S&P revises ratings outlook on KL, RI, Thailand banks

Dow Jones, Kuala Lumpur

International rating agency Standard & Poor's Corp. said Tuesday that it's revised the ratings outlook on the banking sectors of three Asia Pacific countries - Malaysia, Thailand and Indonesia.

Malaysia's banking sector has been assigned a stable ratings outlook from a positive outlook a year ago.

Both Indonesia and Thailand have been given a stable banking sector ratings outlook from negative a year earlier.

S&P made public its banking system outlook report for 2003 in Kuala Lumpur Tuesday.

On Malaysia, S&P officials noted that progress in merging banking institutions and slashing nonperforming loans in the sector was already reflected in the previous positive rating, and the agency now expects a more moderate improvement.

"The industry's progress was reflected in the earlier rating," Ian Thompson, S&P's managing director of Financial Services Ratings, said at the press conference.

"Going forward we see a gradual improvement," Adrian Chee, Associate Director of Financial Services Ratings at S&P, said.

However, he didn't rule out the possibility of some leading individual Malaysian banks being reviewed.

S&P's Asian Banking Outlook 2003 report notes that "there remains some upside potential from a ratings perspective for the leading banks."

Officials hailed the progress made by Malaysia's Corporate Debt Restructuring Agency and other government agencies in restructuring loans and reducing the amount of nonperforming debt. The agency expects the recovery rate for NPLs to remain unchanged this year at 45 percent.

"Malaysia would be one of the more successful systems (for restructuring debt and lowering the NPL ratio), others weren't as successful," Thompson added.

The outlook for Indonesia's banking sector was raised to stable from negative.

"In Indonesia we see a stabilizing situation, but it's still at a difficult stage," Terry Chan, S&P's Director of Financial Services Ratings, said.

"A slight decline in the system's NPL ratio in 2003 is likely as total loans grow," the report notes. NPLs will make up around 45 percent of total loans in the banking system by mid 2003, the agency estimates, just below an end-2002 estimate of 46 percent. The agency projects the recovery rate of NPLs to be just 15 percent in Indonesia next year.

In addition, Indonesia is perceived as holding "very high industry risk," given its economic frailty. The report also notes a lack of diversity in banks' asset bases and earnings, and major proportions of assets and interest income coming from government bonds.

For Thailand, the banking sector outlook was also raised to stable from negative, and the agency estimates the recovery rate of NPLS to be around 30 percent this year.

"In Thailand we are finally beginning to see asset quality stabilization," Chan said.

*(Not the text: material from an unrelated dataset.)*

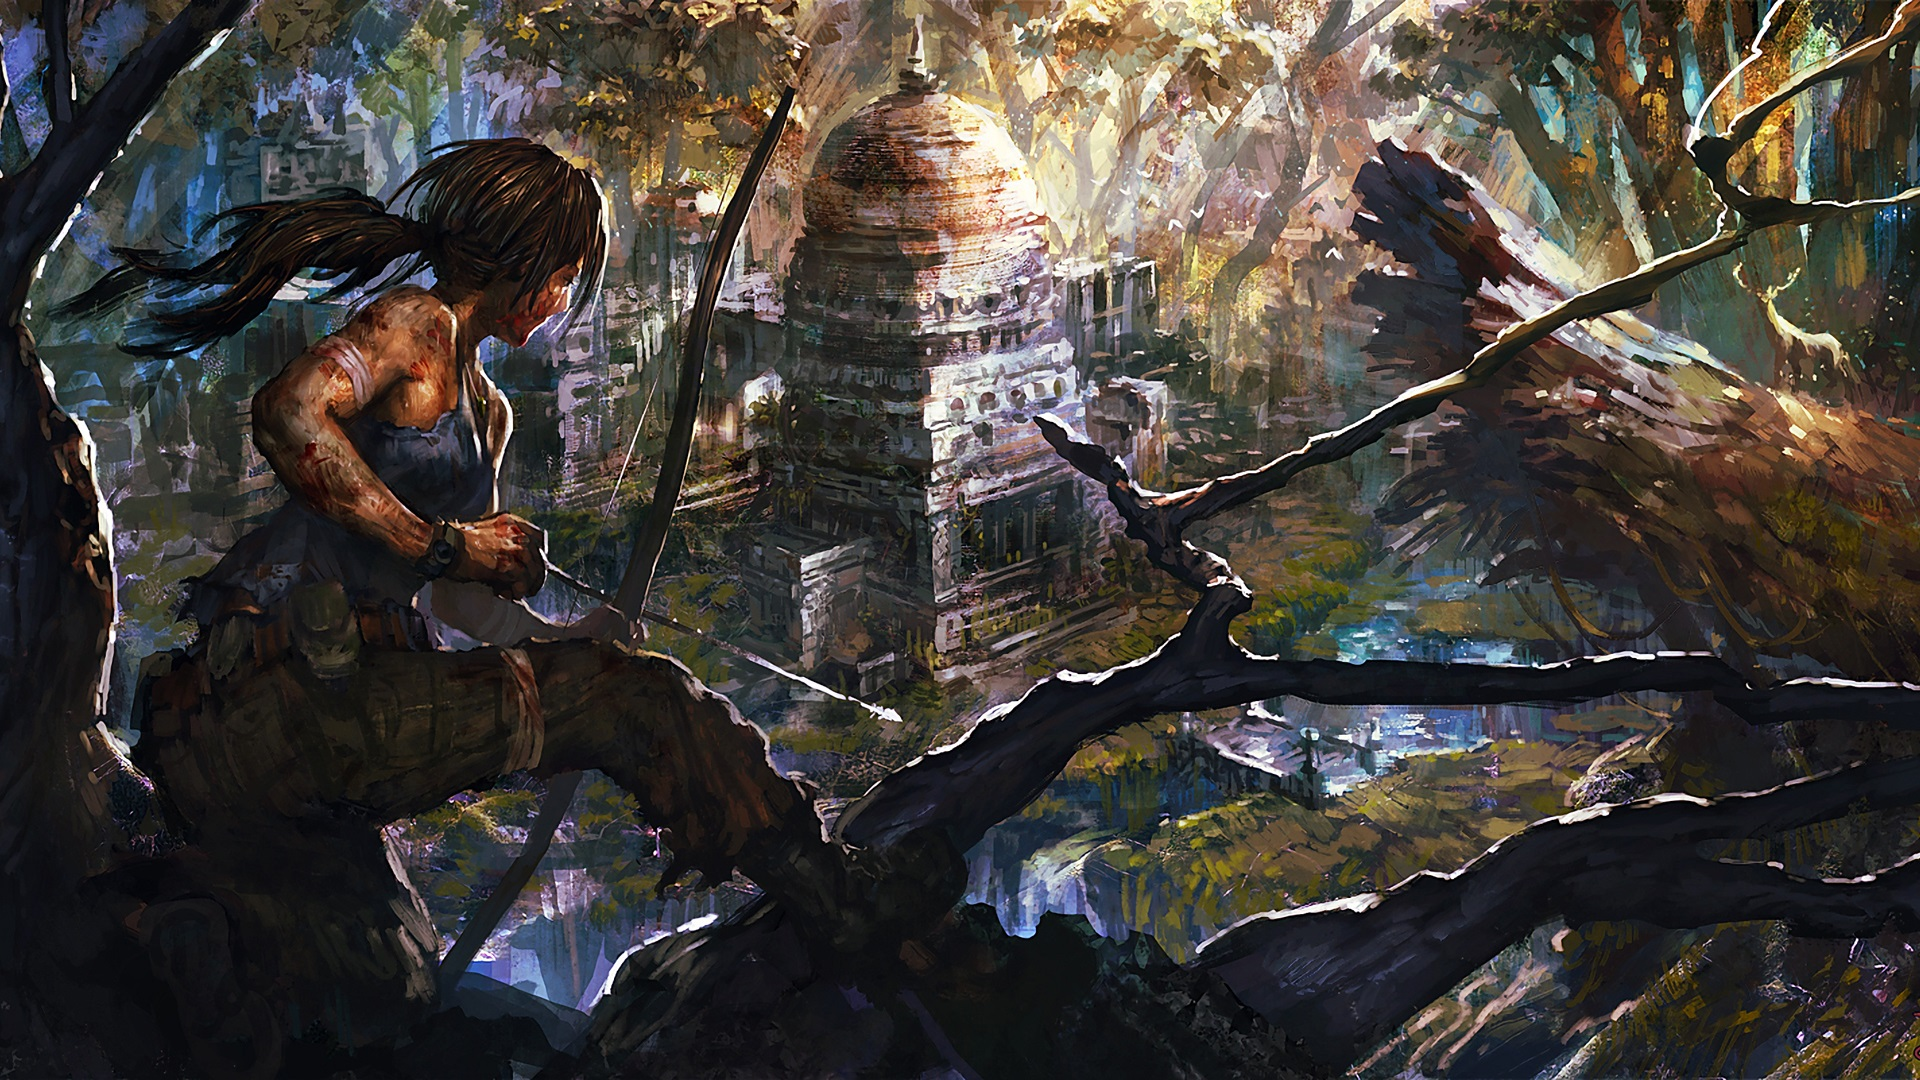 7680x4320 Lara Croft 8k Artwork 8k Hd 4k Wallpapers: Papéis De Parede Desenho De Arte, Tomb Raider, Lara Croft
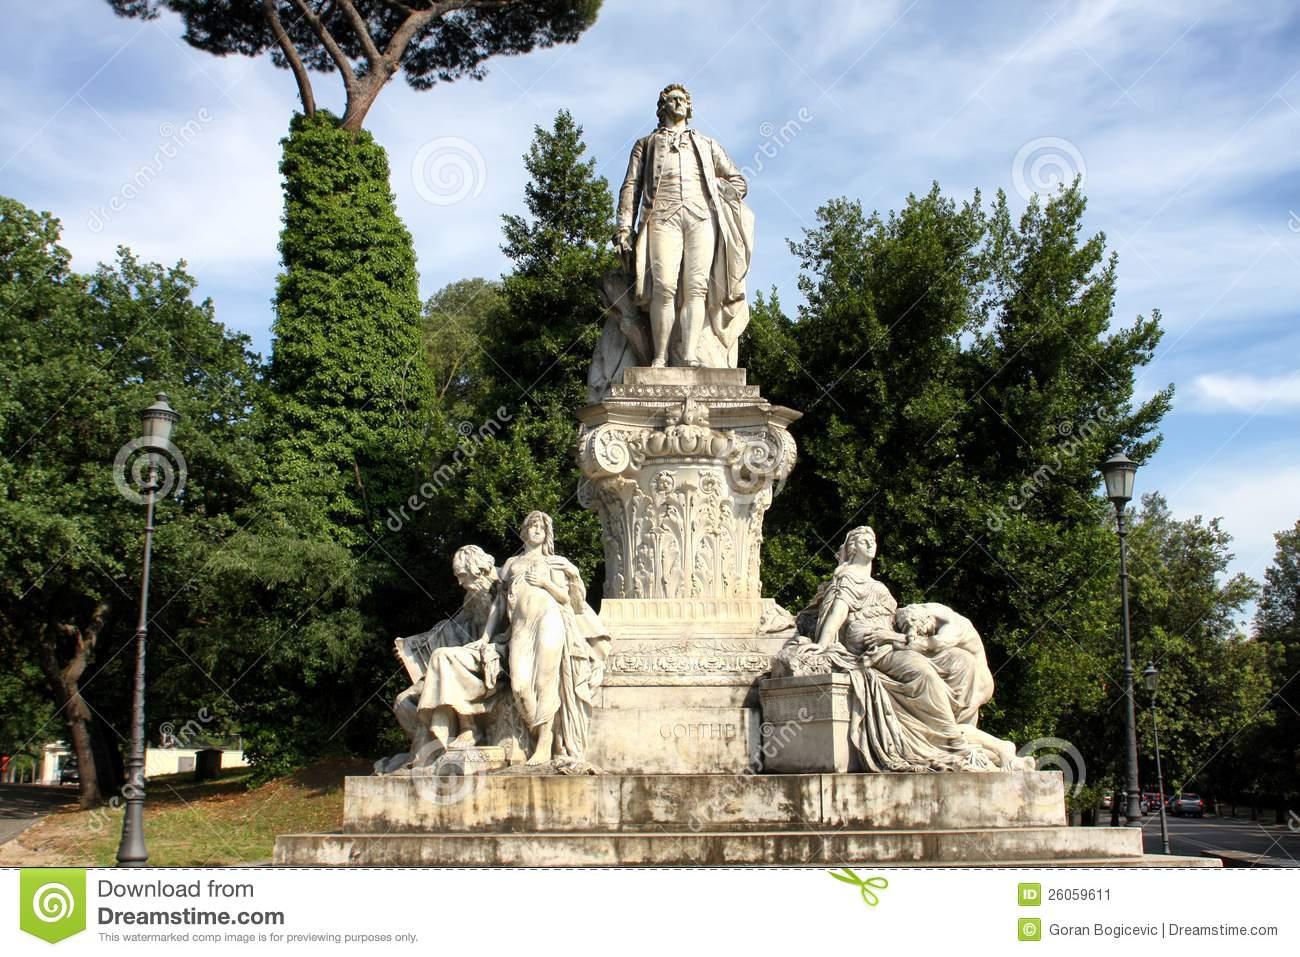 Goethe Statue At Villa Borghese In Rome Stock Photo.

At last, there are signs of improving profitability, though at low levels, he added.

Officials noted there is some danger of restructured loans in Thailand reverting back to NPLs unless regulators get tough about repayment.

Nevertheless, the agency projects Thai NPLs to fall to around 28 percent of total loans from an estimated 30 percent at the end of 2002.

In making outlook projections, S&P looks as economic and industry risk, NPLs and recoverability, as well as other factors.